Оно все еще лежало на хлебнице — без подписи.

— Мне не нравится, что ты так далеко от дома, Шэннон, — объяснила она, прикусив нижнюю губу. — Донегал очень далеко.

Точно.

— Я не хочу сбегать, мама, — прошептала я. — Клэр и Лиззи едут, поэтому я действительно хочу поехать. Мне нужно получить разрешение до пятницы, иначе они меня не отпустят.

Ладно, это была ложь, у меня было время до окончания праздников, чтобы сдать разрешение, но давление на нее было единственным шансом заставить ее подписать бумаги.

— Что, если с тобой там что-нибудь случится? — Мама предположила. — Что, если кто-нибудь нападет на тебя?

— В этом доме больше шансов, что это произойдет, — пробормотала я себе под нос.

Мама вздрогнула.

— Шэннон …

— Он рассказал тебе, что произошло прошлой ночью? — Я выпалила, зная, что это было тем, о чем она хотела поговорить со мной — то, о чем она хотела убедиться, что я не буду говорить.

Расправив плечи, я уставилась через стол на свою мать.

— Он сказал тебе, что сделал с Джоуи?

— У него есть имя, — сказала мама напряженным голосом.

— Он тебе сказал?

— Да, твой отец рассказал мне, что произошло, — наконец ответила она.

— И это все? — Я откинулась на спинку стула и изучала ее лицо. — И это все, что ты можешь сказать об этом?

— Шэннон, это сложно. — Мама тяжело вздохнула и опустила голову. — Мы все сейчас находимся под большим давлением из-за того, что летом появится ребенок, а твой отец без работы. С деньгами туго, Шэннон, и это влияет на твоего отца. У него много чего на уме …

— Он разбил губу Джоуи, мама! — Я проглотила комок в горле. — Из-за пачки печенья. И если он беспокоится о деньгах, то, может быть, ему стоит перестать играть в азартные игры и пропивать деньги на детское пособие!

Моя мать вздрогнула от моих слов, но я рада, что произнесла их. Это нужно было сказать. Я просто хотела, чтобы она начала слушать.

— Твой отец сказал мне, что ты поздно вернулась со школы, — продолжила она. — Он был очень расстроен твоей фотографией в газете…

— Это школьная фотография!

— С парнем?

— Боже мой! — воскликнула я. — И ты тоже?

— Нет. — Она покачала головой. — Конечно, нет. Я понимаю все это, но твой отец очень расстроен этим. Ты же знаешь, как он…

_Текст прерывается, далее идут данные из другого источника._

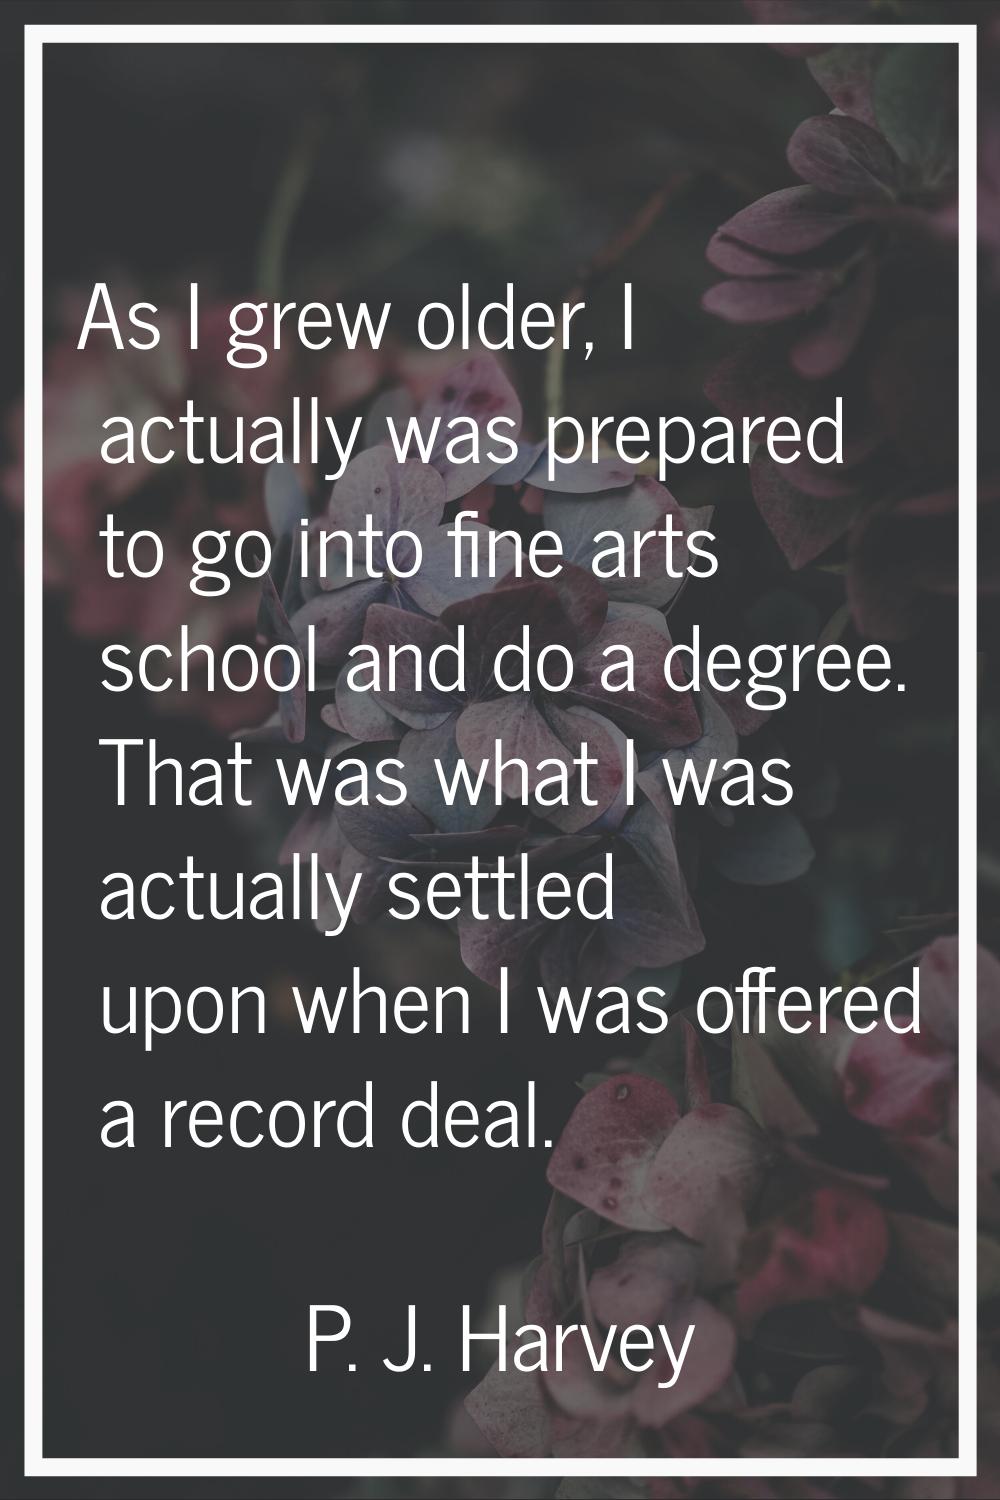 As I grew older, I actually was prepared to go into fine arts school and do a degree. That was what

— Значит, это моя вина, что он избил моего брата и пытался задушить меня? — Я подавила рыдания возмущения, пытавшиеся вырваться из меня. — За то, что поздно вернулась домой, или за то, что сфотографировалась в школе, или за то, что переехала в Томмен? Что из этого, мама? Или все, что я делаю, неправильно? Я виновата во всем, что идет не так в этой семье?

— Нет, конечно, это не твоя вина, Шэннон, — быстро попыталась она оправдаться. — Ты не виновата, и твой отец тебя очень любит. Но ты же знаешь, что он боится, что ты закончишь так же, как и я. И у него с Джоуи сложные отношения, — сказала она, пытаясь отговориться от своих обязанностей ложью. — Джоуи знает, что не нужно его раздражать…

Я прервала ее, покачав головой.

— Перестань защищать его, — прошипела я, понизив голос, чтобы не разбудить человека, который успешно разрушал мою жизнь каждый день с 13 марта 1989 года — день, когда я вошла в этот мир и в токсичную гребаную семью. — Просто остановись, мама! Что бы ты ни говорила, это не помогает. Это просто продолжает происходить снова и снова. Так что просто перестань извиняться и пытаться объяснить его поведение. Мы устали это слышать.

— Я делаю все, что в моих силах, Шэннон, — прошептала моя мать.

— Для кого, мама?

Ее глаза вспыхнули гневом, когда она посмотрела на меня и выплюнула:

— Для моей семьи.

— Для него, — пробормотала я себе под нос.

Моя мать вздрогнула, но я не взяла свои слова обратно. Они являлись правдой.

— Ты не можешь так со мной разговаривать, — отрезала она. — Ты не представляешь, как тяжело каждый вечер возвращаться домой, как на третью мировую войну.

Я не ответила. Мне нечего было сказать.

Если она действительно верила, что я не знаю, каково это — жить в зоне боевых действий, тогда она была сумасшедшей, а также безразличной к нам матерью.

— Я устала от этого, Шэннон, — сказала она. — Я устала от такой жизни. И я устала от того, что меня судят мои собственные дети.

— Что ж, вступай в наш клуб, мам, — выпалила я. — Мы все устали от такой жизни.

— Не дерзи мне, — предупредила она. — Я не буду с этим мириться, Шэннон. Я говорю тебе, что сейчас я могу рассказать…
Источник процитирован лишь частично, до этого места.